聂修贤摇头,“没事。”余光却停留在身后少女翻练习册的指尖上。

    最后在少女合上练习册后,急速跳动的心脏也落回原地。

    “我希望你以后不要去为难安素素,作为回报,我可以给你讲解思路。”

    手中的笔顿了片刻,吉艾妮笑了,好看的笑容像是雪绒丝花,带着微甜。

    “你以为,我只是想让你给我讲题?”

    “我们没有希望。”

    聂修贤冷淡的打断她的后续,他将手中写满公式的纸送过去,“你会遇到更好的。”

    他不是不懂,只是装做没看见。

    看着那白纸清晰标准的黑字她下意识的看一眼后面那个看着窗外发呆的少女:“她有什么好的?”
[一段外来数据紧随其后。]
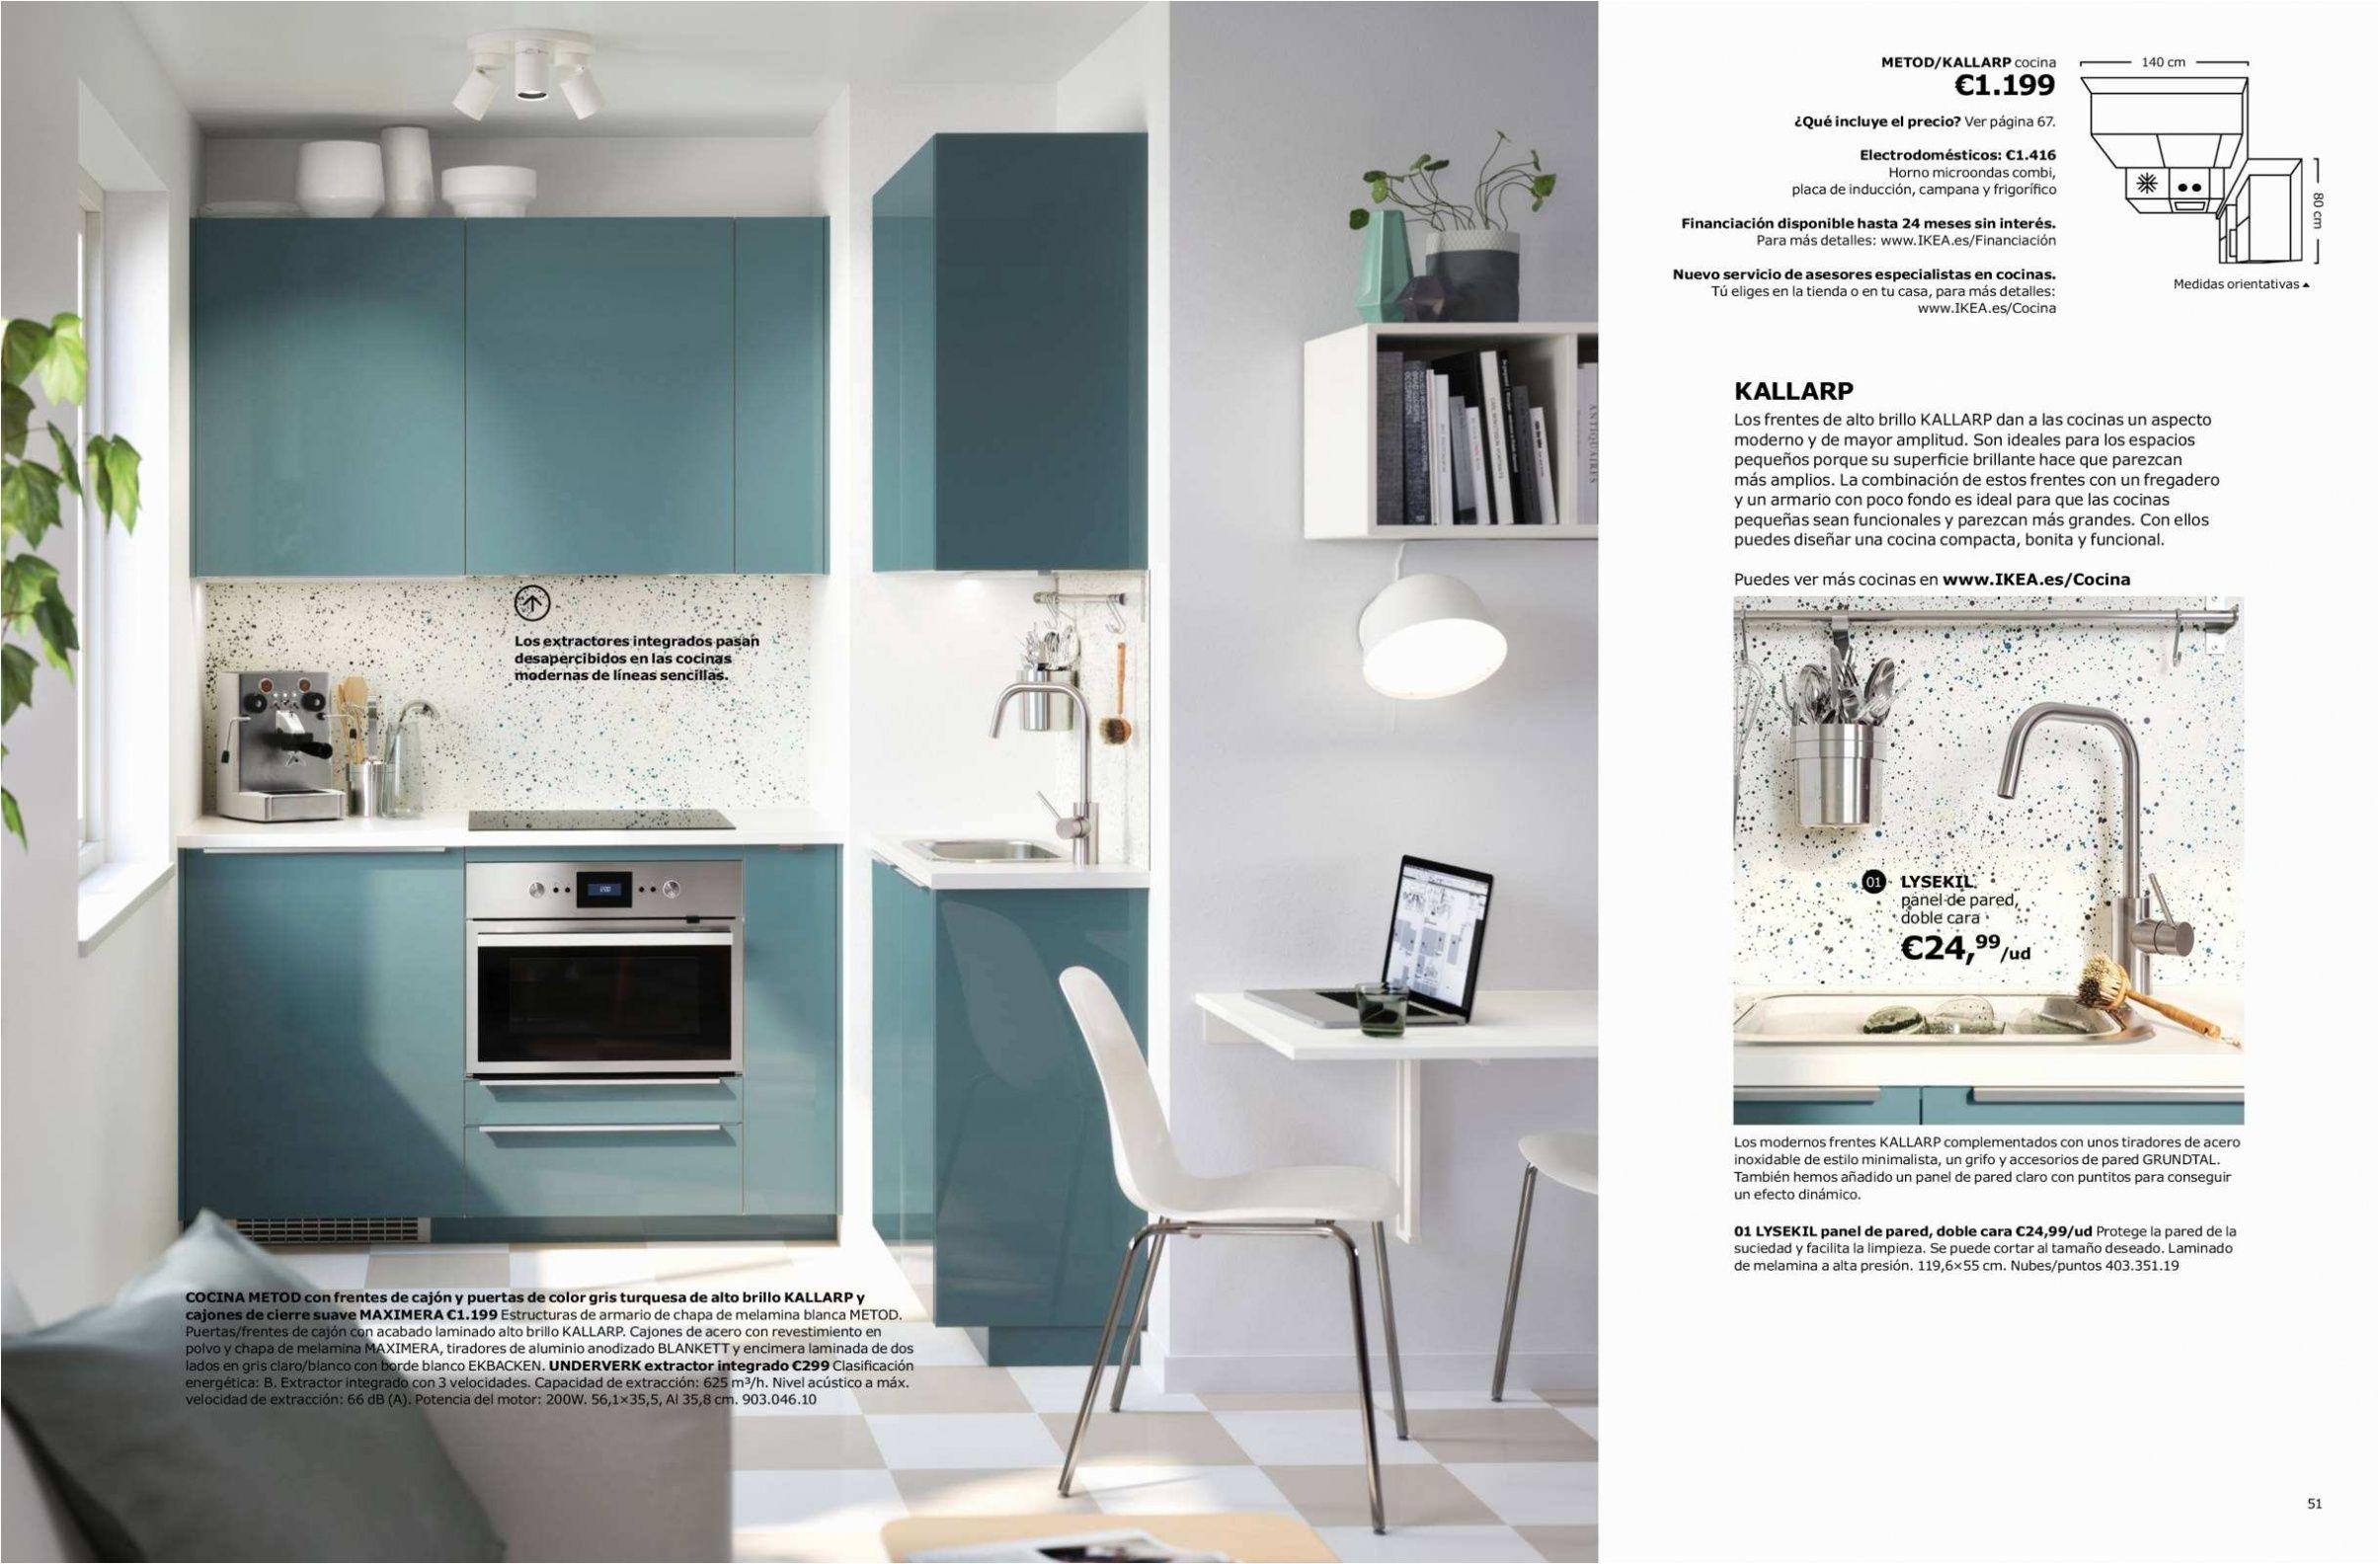 Image Of Muebles Cocina Ikea Modulos Modulos Cocina Ikea Modulos ...

    聂修贤看过去,阳光微暖,金光渡了少女的发,那双黑瞳映了温柔的浅光,连倔强的眉都柔化几分。

    “习惯了。”

    没说好,也没说不好,只有三个字突出了时间优势。

    看着他,吉艾妮略微沉思片刻,露出小巧的贝齿,浅淡的笑开:“好吧,但我不会放弃。”

    “随你。”

    聂修贤起身,走到少女桌前,拿起那本练习册啪的打在少女头上。

    安素素嘶的咧开嘴皱起眉,她不满的抽走头上的书,“聂修贤,不好好讲你的课,干嘛啊!”

    “讲完了,现在轮到讲你的课。”

    “有什么好讲的。”少女虽然念叨着,还是心不甘情不愿的翻开第一页。

    “这道题你试着解出来。”

    看他指尖点的那道题,安素素皱了皱眉,刚要拿起笔,就见笔滚落在地上。

    她弯腰捡起笔,指尖触碰到笔身的时候就见另一只手也挨上了笔身。

    指尖触碰之际,冰冷刺骨的寒意顺着指尖传递过来,安素素愣了一瞬。

    “你的手怎么这么冷?”

    捡起笔以后她问道,却见聂修贤双手捧着练习册翻页,见她问话投来个疑惑的眼神。

    安素素的脸刷的就白了。

    刚捡起来的笔从手上滑落,掉在地上滚出老远停在一双洁白的皂靴前。

    安素素顺着笔目光顺着皂靴上移。

    就在大□□撞了鬼。

    那鬼一袭白色长衫,墨黑的发,漆黑的眼,手中执起一把墨青色油纸伞。

    虽然他所在之地尽是暖阳,可那暖意照在安素素身上,分明又生出了一股冷意。

    尤其是那鬼抬起眼帘,漆黑的眼瞳直直的盯在她身上的时候。

    “你怎么了?”

    聂修贤皱了皱眉,看着她直愣愣的盯着窗前,起身捡起掉在窗边的笔。

    “别……”

    安素素拦住不及,就见聂修贤捡起鬼脚前的笔,放在她桌上。

    那鬼的视线也顺着游在他身上。

    “你的脸色看起来不是很好,你是不是生病了,别骗我。”

    本来被暖阳晒的微红的小脸此刻一片苍白,眼看少女指尖还在细密的轻颤,他不由凑前问道。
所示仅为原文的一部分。